Mexican female professional wrestler

Isabela "Chabela" Romero Rangel (September 11, 1936 – April 19, 1985) was a Mexican professional wrestler. She was one of the first Mexican women to become a professional wrestler when women became a regular fixture in the early 1950s. During her career, she won the Mexican National Women's Championship three times, and both the UWA World Women's Championship and the Japanese All Pacific Championship once.

==Professional wrestling career==
Women's wrestling in Mexico prior to the 1950s was almost non-existent, with no known matches taking place from 1945 on and very few prior to that. In the early 1950s, Jack O'Brien began training female wrestlers, including Isabela Romero, in his gym in León, Guanajuato. She would work under the ring name Chabela Romero alongside other O'Brien trainees such as Irma González, La Enfermera, La Dama Enmascarada, and Rosita Williams. She made her in-ring debut on March 27, 1955, participating in an all-female tournament in Mexico City.

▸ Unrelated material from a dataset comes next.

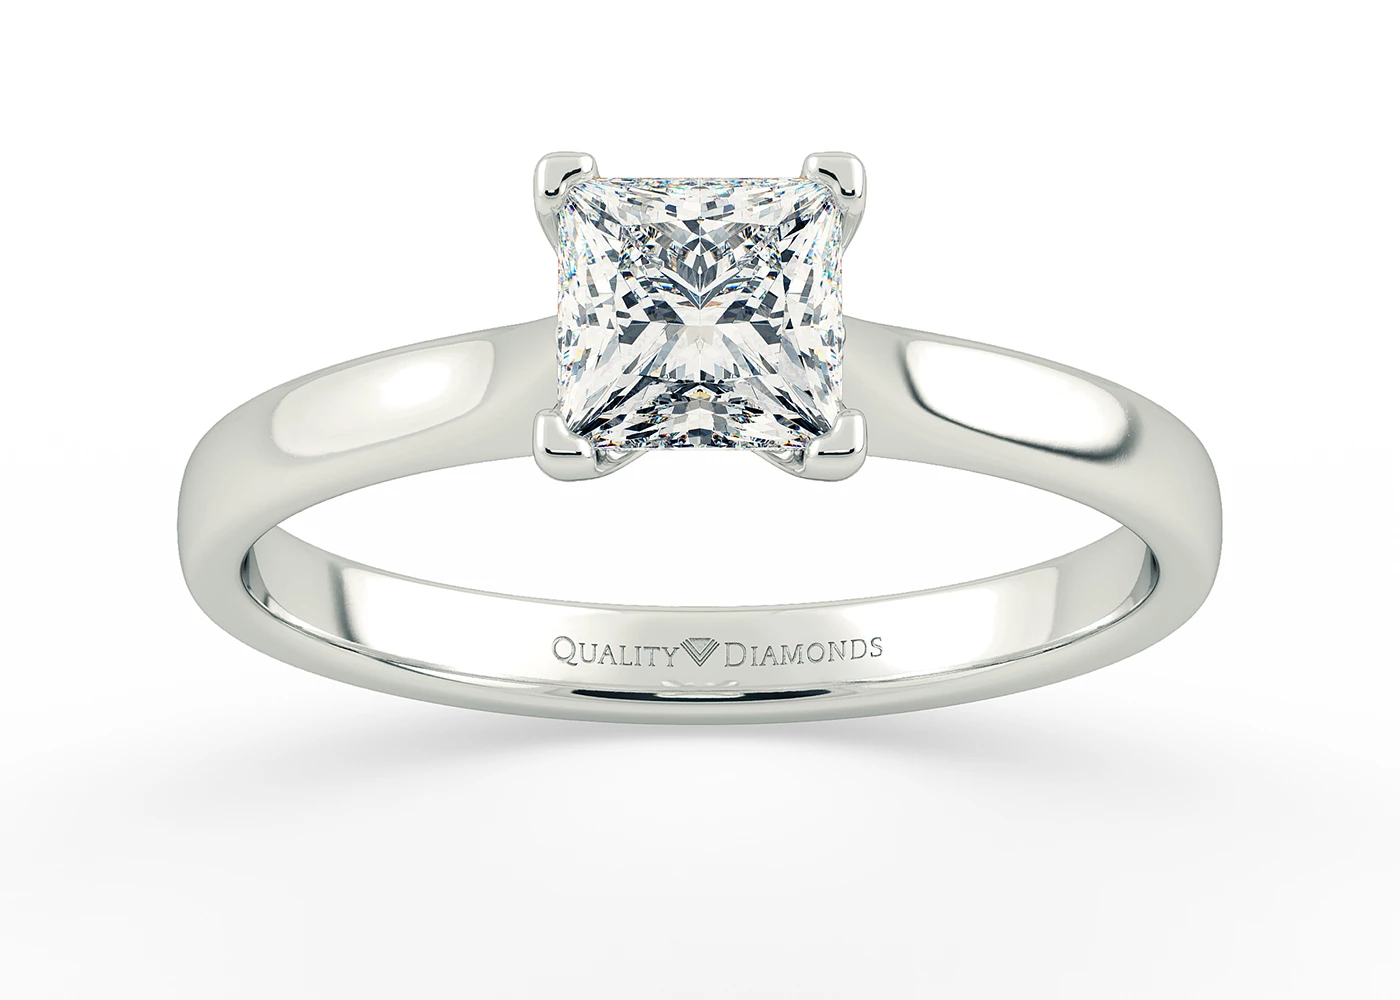 Princess Amara Diamond Ring in 9K White Gold

Romero won her first Mexican National Women's Championship at some point in the late 1950s, 1958 at the latest. Due to minimal written documentation from the time period, it is uncertain as to who Romero won the championship from, nor who she lost it to. Records indicate that she started her second reign on December 6, 1965. From 1965 to 1966, Romero was involved in a storyline feud with Jarocita Rivero, which saw the two women trade the championship, first on May 12, 1966, and then back to Romero on August 11 of the same year. During the feud, Rivero defeated Romero in a Lucha de Apuestas ("bet match"), which forced Romero to have all her hair shaved off as a result of the match stipulation. Records are uncertain as to when Romero's third and final reign as the Mexican National Women's Championship ended, as records are missing from late 1966 through 1980.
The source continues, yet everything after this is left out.